Vom Rieselgrund zur Wiesenstrecke
An der oberen Streckengrenze empfängt dich dichte Ufervegetation. Bäume und Sträucher spenden Schatten und schaffen lauschige Angelplätze, an denen du auch an heißen Tagen gut sitzt. Der Grund ist hier stellenweise flach und rieselig, durchsetzt mit dem Vulkangestein, das für die Region rund um den Vogelsberg typisch ist. Solche überströmten Rieselzonen sind klassische Standplätze für strömungsliebende Fische.
Weiter flussab öffnet sich die Strecke zu einer freien Wiesenpassage. Teichrosenfelder, ausgespülte Uferkanten und ruhigere Bereiche wechseln sich ab, bis du an der unteren Grenze bei der Neumühle ankommst. Gerade die Kanten und Krautfelder lohnen einen genauen Blick, denn dort stehen Raubfische gern auf der Lauer.

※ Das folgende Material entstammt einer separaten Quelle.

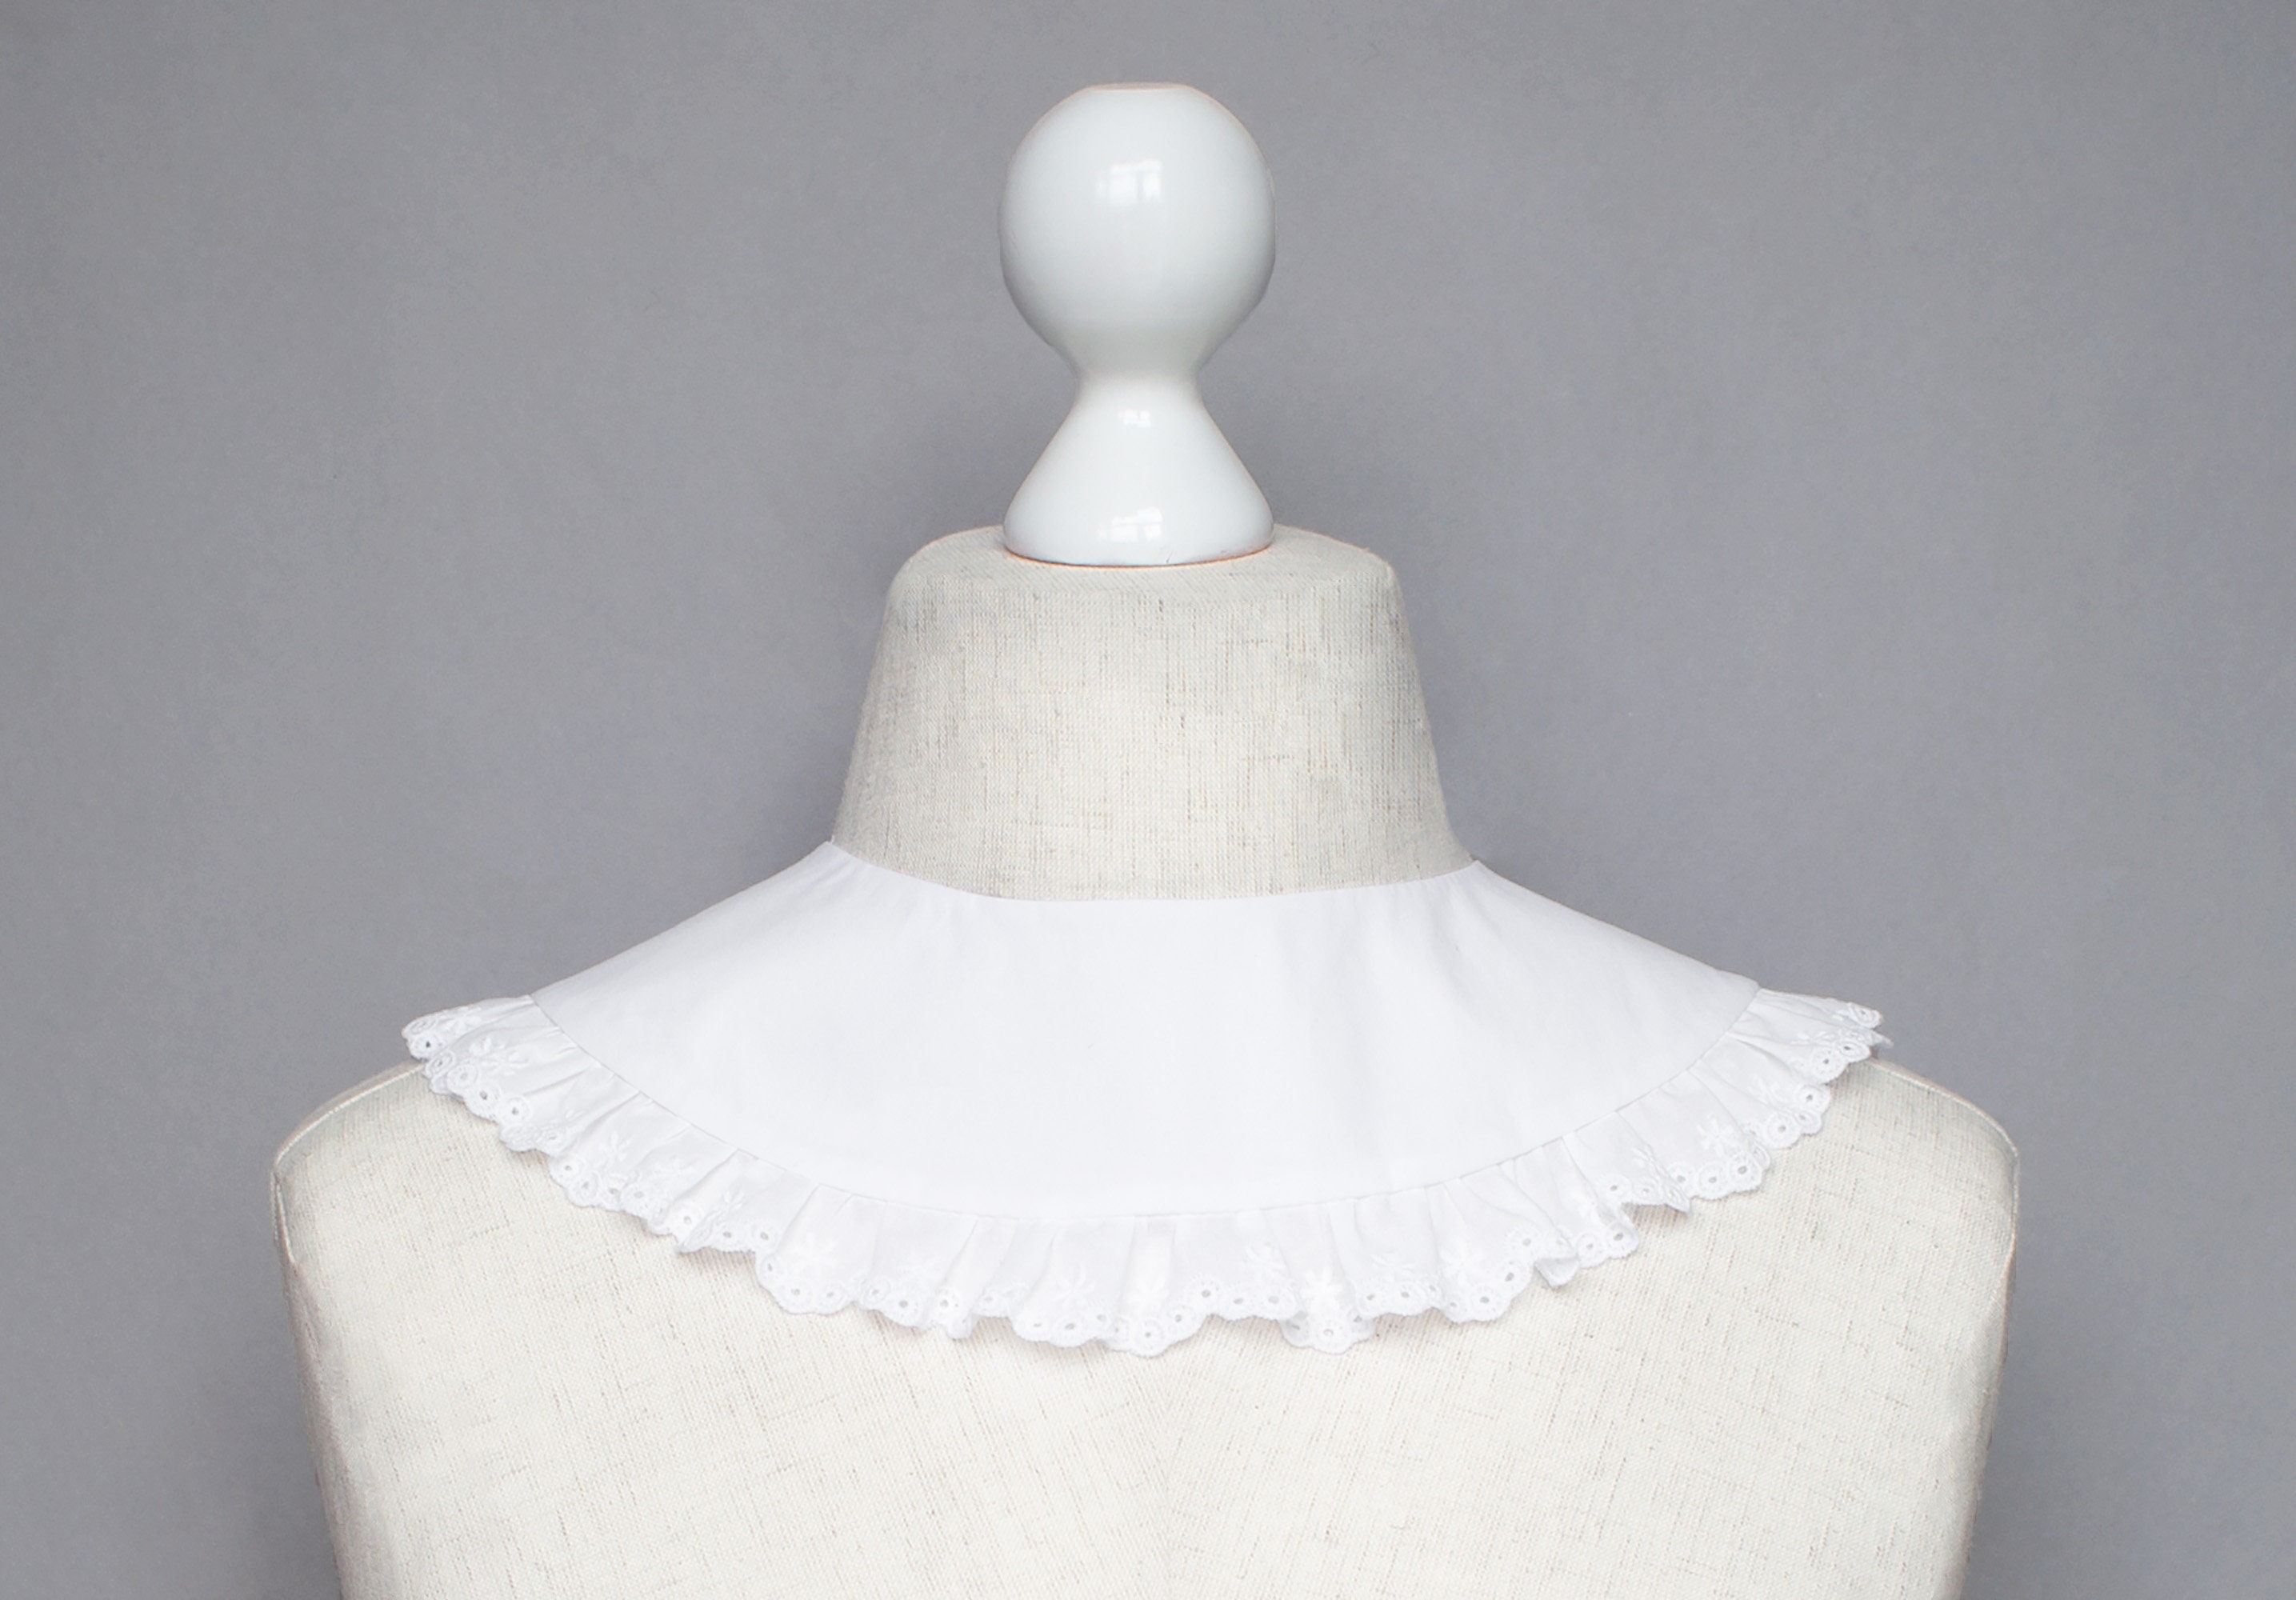 Neck ruffle collar Detachable Removable shirt collar White | Etsy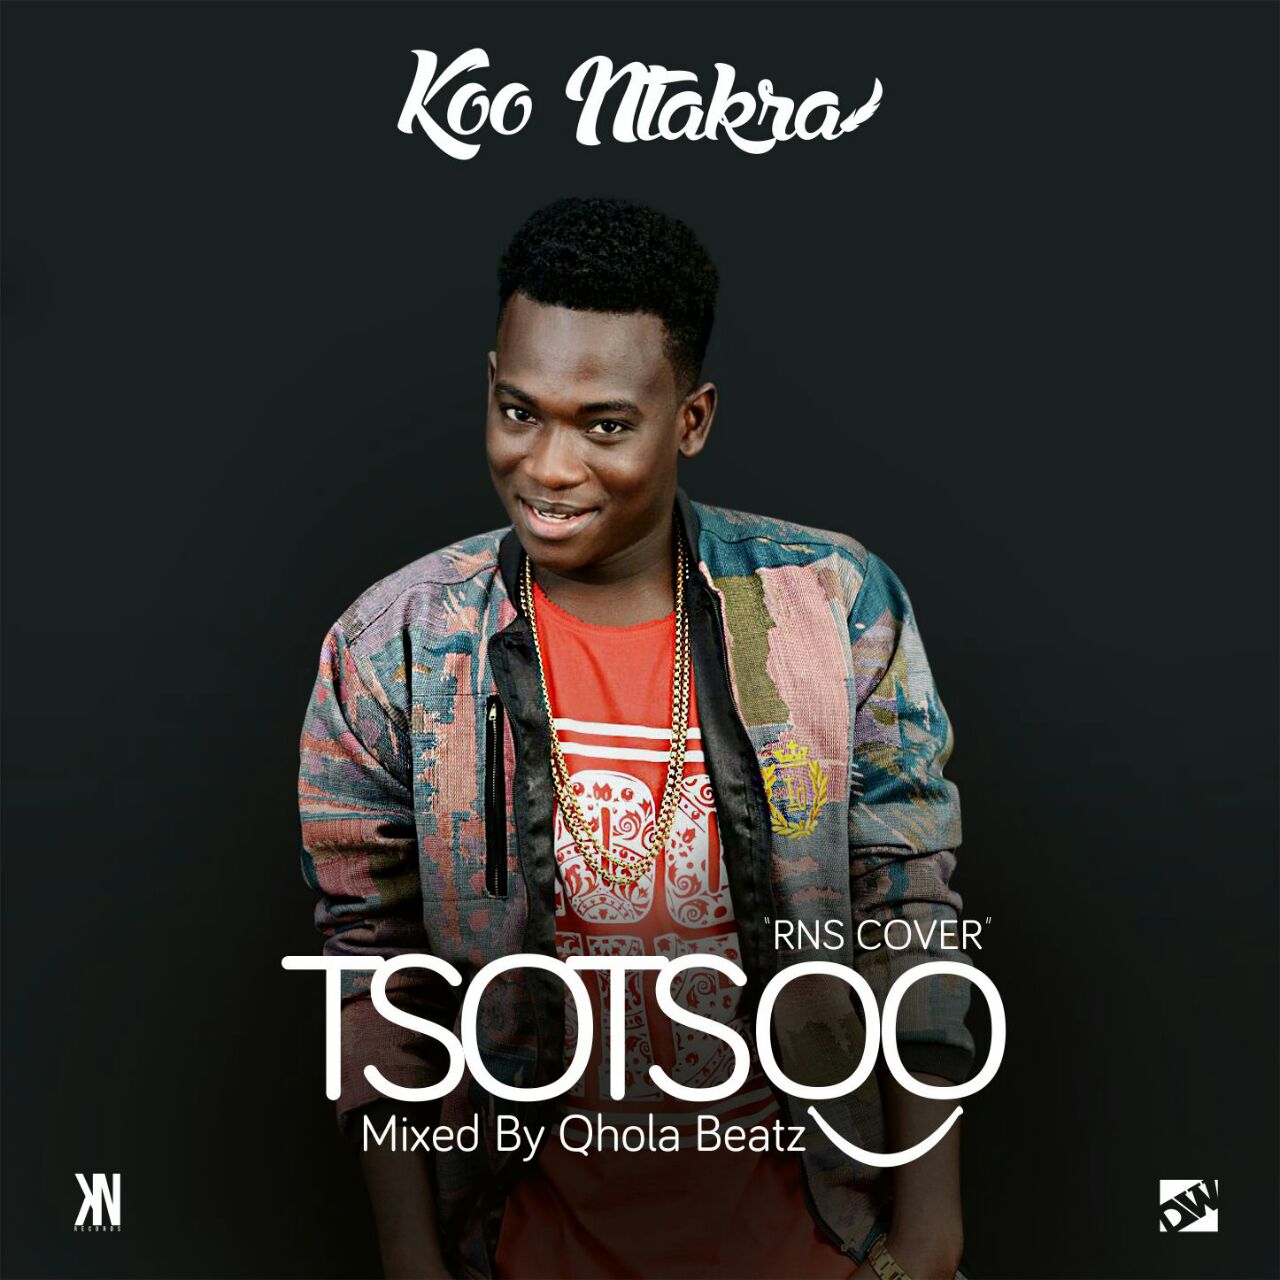 Koo Ntakra – TsoTsoo (RNS Cover) Mixed By Qhola Beatz

Was dir hier an den Haken geht
Der obere, schnell fließende Teil der Vereinsstrecke ist Salmonidenrevier. Bachforelle und stellenweise die Äsche fühlen sich im kühlen, sauerstoffreichen Wasser wohl. In der Strömung kannst du auf Barbe rechnen, während Hecht, Zander und Aal eher die ruhigeren Abschnitte mit Deckung bevorzugen. Dazu kommt eine bunte Schar Weißfische wie Rotauge und Rotfeder. Der Sportfischer-Club Ortenberg besetzt jährlich und hält den Bestand so abwechslungsreich.
Bevor du die Rute auspackst
Die Gaststrecke reicht vom Parkplatz am Ortsrand von Ortenberg bis zur Neumühle in Selters und ist dank ihrer Länge bequem zu Fuß zu erkunden. Ein Parkplatz liegt nahe der oberen Streckengrenze, und gelbe Hinweisschilder markieren die obere wie die untere Grenze des Gastkartenbereichs, sodass du immer weißt, wo du fischen darfst. Welche Erlaubnisse, Schonzeiten und Mindestmaße gerade gelten, klärst du am besten direkt beim Verein, bevor es ans Wasser geht. Petri Heil!